Today, PCR thermal cyclers have a wide variety of applications. As a result of the Corona pandemic, the PCR method has become known primarily for the detection of pathogens. The diagnosis of viruses and bacteria is one of the main applications of PCR. It provides valid evidence and data enabling physicians and other medical personnel to make informed decisions. PCR thermal cyclers can be found in almost every medical, veterinary or clinical laboratory around the world. In addition to diagnostics, however, PCR has many other applications.

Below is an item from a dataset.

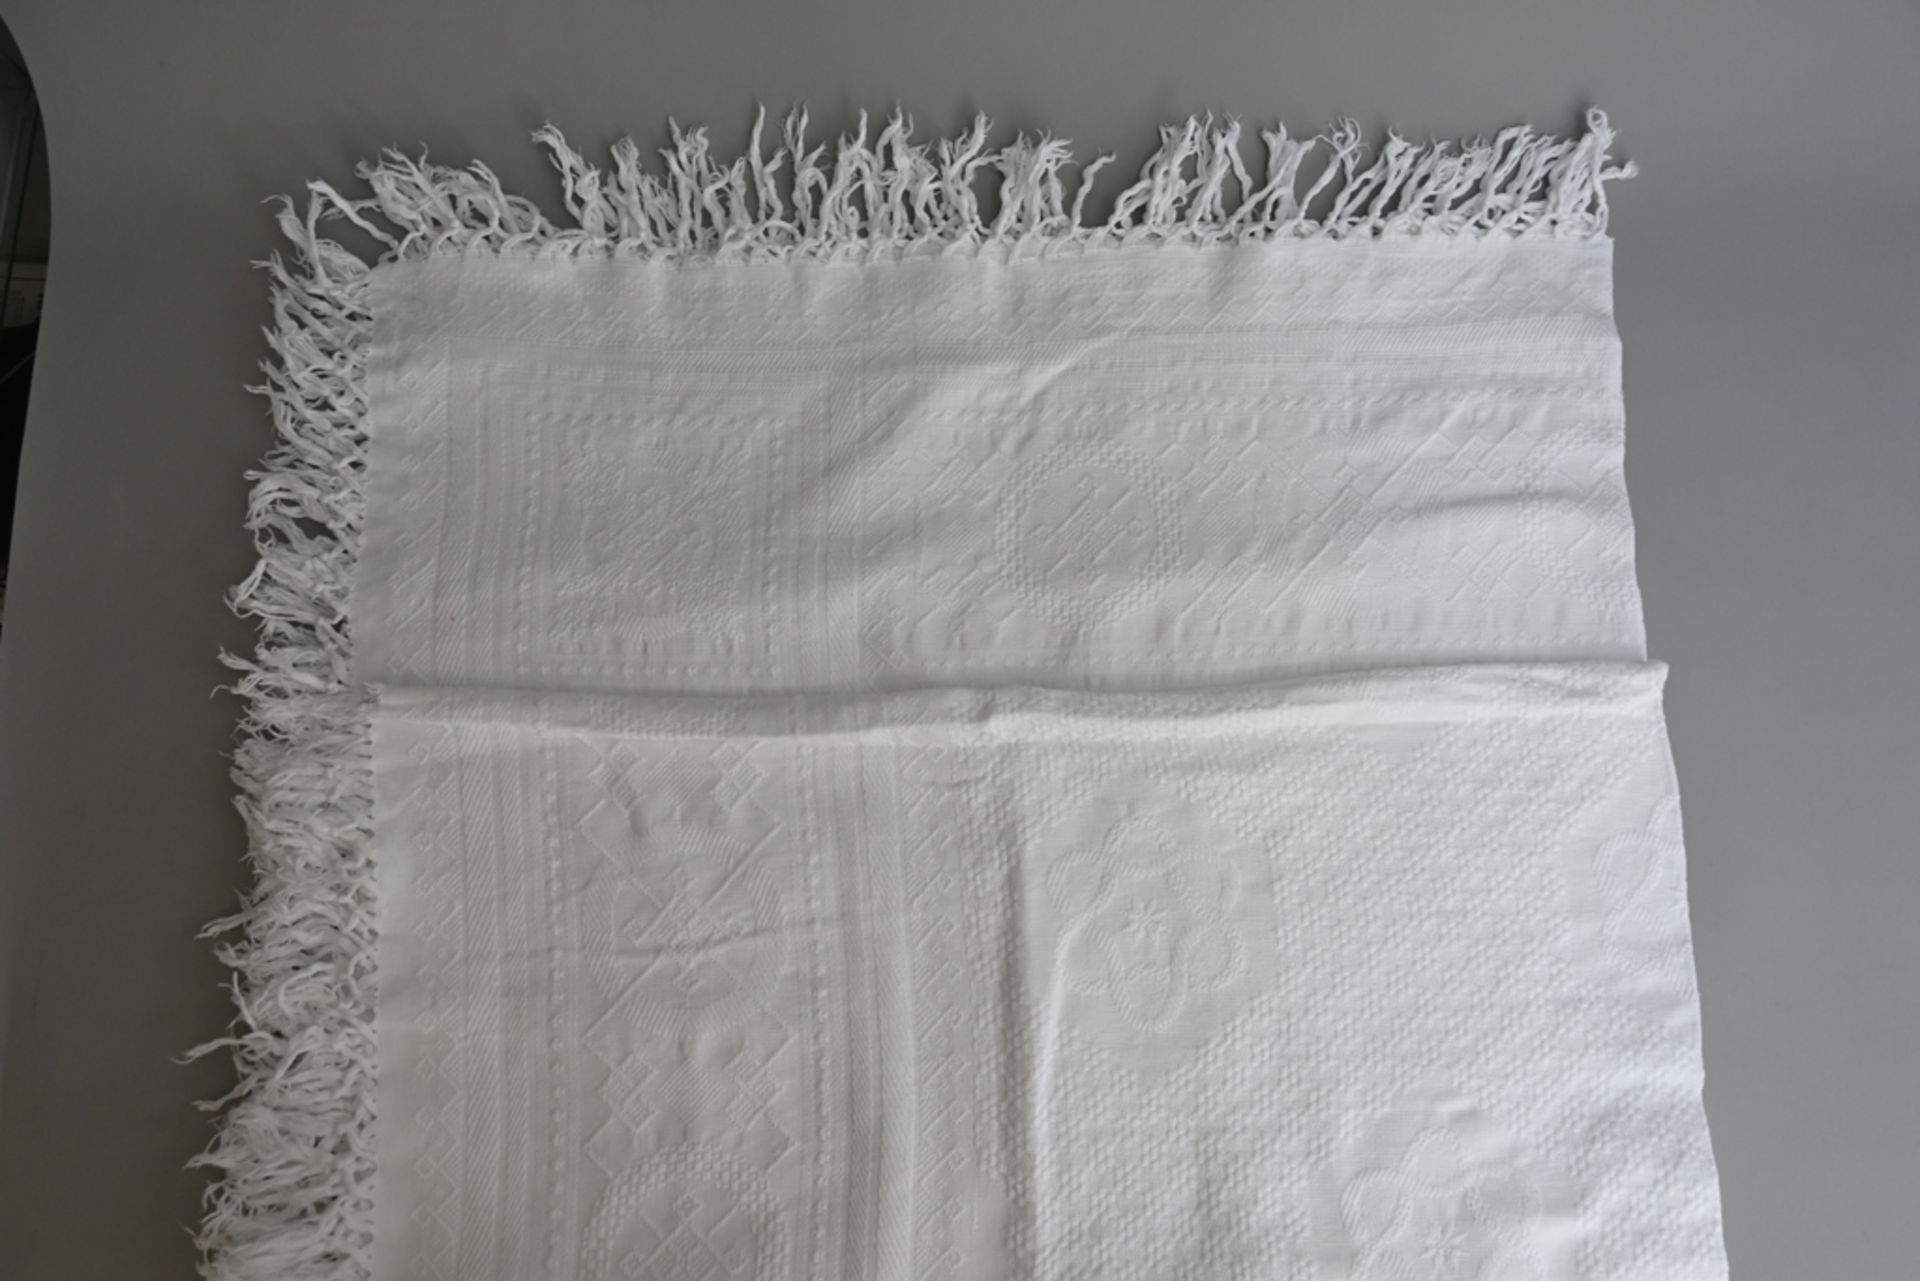 Tafeltuch, Baumwolle weiß um 1880, mit klassischen Webornamenten der Zeit, umlaufend Fransen

In the food industry, for example, PCR is a standard method for origin analysis of certain foods and their ingredients. Depending on the region of origin, products such as wine have different genetic characteristics. The climate and environment of a certain region leave genetic traces over thousands of years that can be detected via PCR. Closely related to this is the issue of food fraud – the declaration of false ingredients in a food product. PCR thermocyclers have been used by laboratories for a very long time to check manufacturers' declarations. Does a wine really come from France as stated by the manufacturer? Is a food product really 100 percent vegan or halal? These kinds of questions can be clarified with PCR. Even the smallest traces of plant or animal DNA can be detected. Environmental analysis is another field of application that has recently become increasingly important. PCR thermal cyclers are used here, for example, to detect pathogens in wastewater in order to establish comprehensive health monitoring and corresponding early warning systems. Of course, universities also use PCR thermocyclers for a wide variety of research and analyses. In forensics, PCR is also an established method for detecting genetic fingerprints, for example at crime scenes.